PROVIDED DATA >>
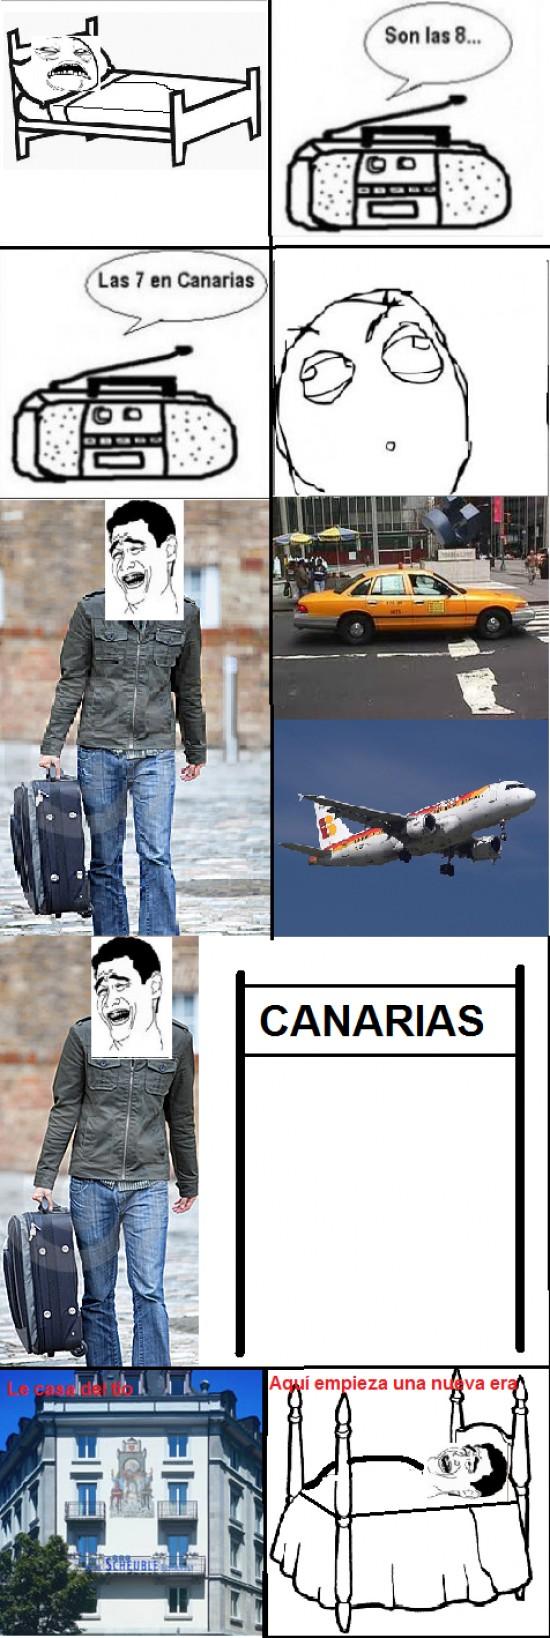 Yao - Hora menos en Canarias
...
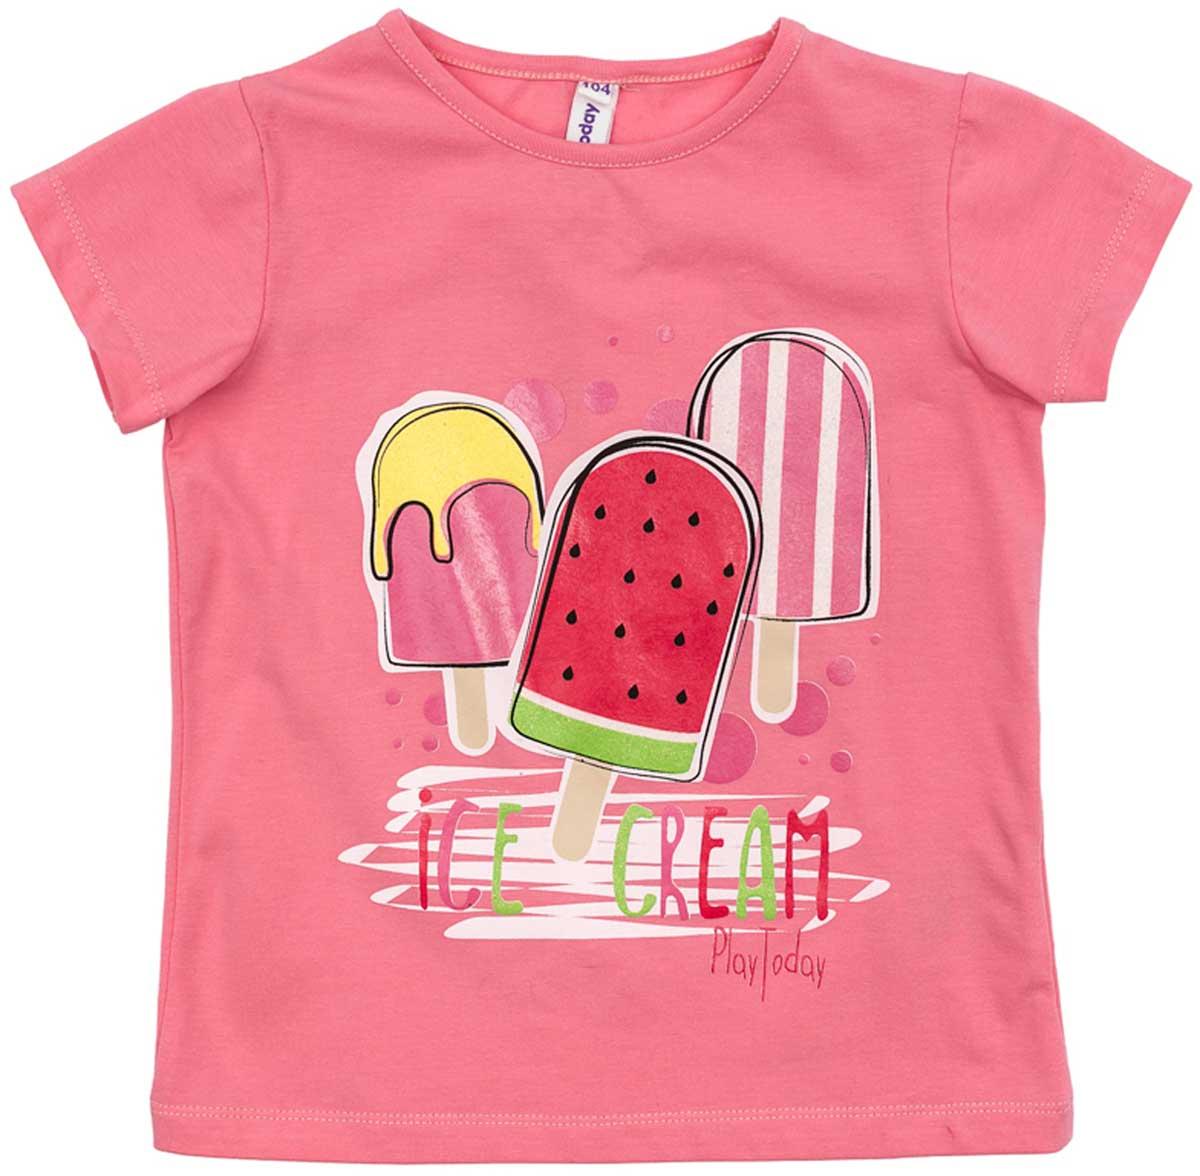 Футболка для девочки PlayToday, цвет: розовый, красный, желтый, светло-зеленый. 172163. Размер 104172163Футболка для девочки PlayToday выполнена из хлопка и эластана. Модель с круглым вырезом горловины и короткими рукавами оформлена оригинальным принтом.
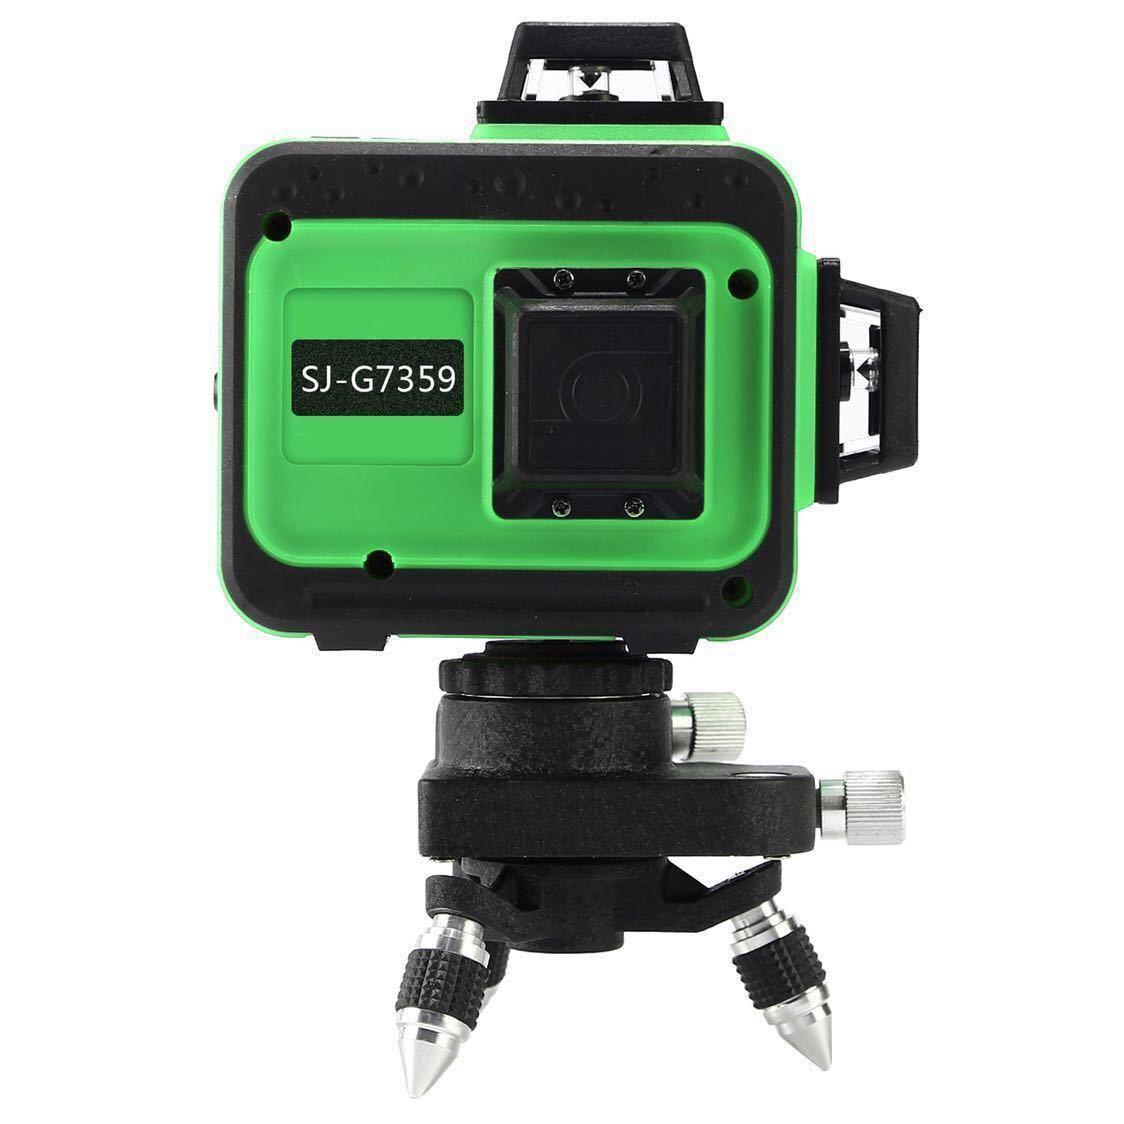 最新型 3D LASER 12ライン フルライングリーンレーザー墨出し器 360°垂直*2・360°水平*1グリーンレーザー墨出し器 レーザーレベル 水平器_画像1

TASK DIRECTIONS >>
Exactly the lines above, from the one containing "оформлена оригинальным принтом." down to the one containing "最新型 3D LASER", are to be repeated, including both ends. Pictures are not part of the copy.

WRITTEN RESPONSE >>
 Футболка для девочки PlayToday, цвет: розовый, красный, желтый, светло-зеленый. 172163. Размер 104172163Футболка для девочки PlayToday выполнена из хлопка и эластана. Модель с круглым вырезом горловины и короткими рукавами оформлена оригинальным принтом.
 最新型 3D LASER 12ライン フルライングリーンレーザー墨出し器 360°垂直*2・360°水平*1グリーンレーザー墨出し器 レーザーレベル 水平器_画像1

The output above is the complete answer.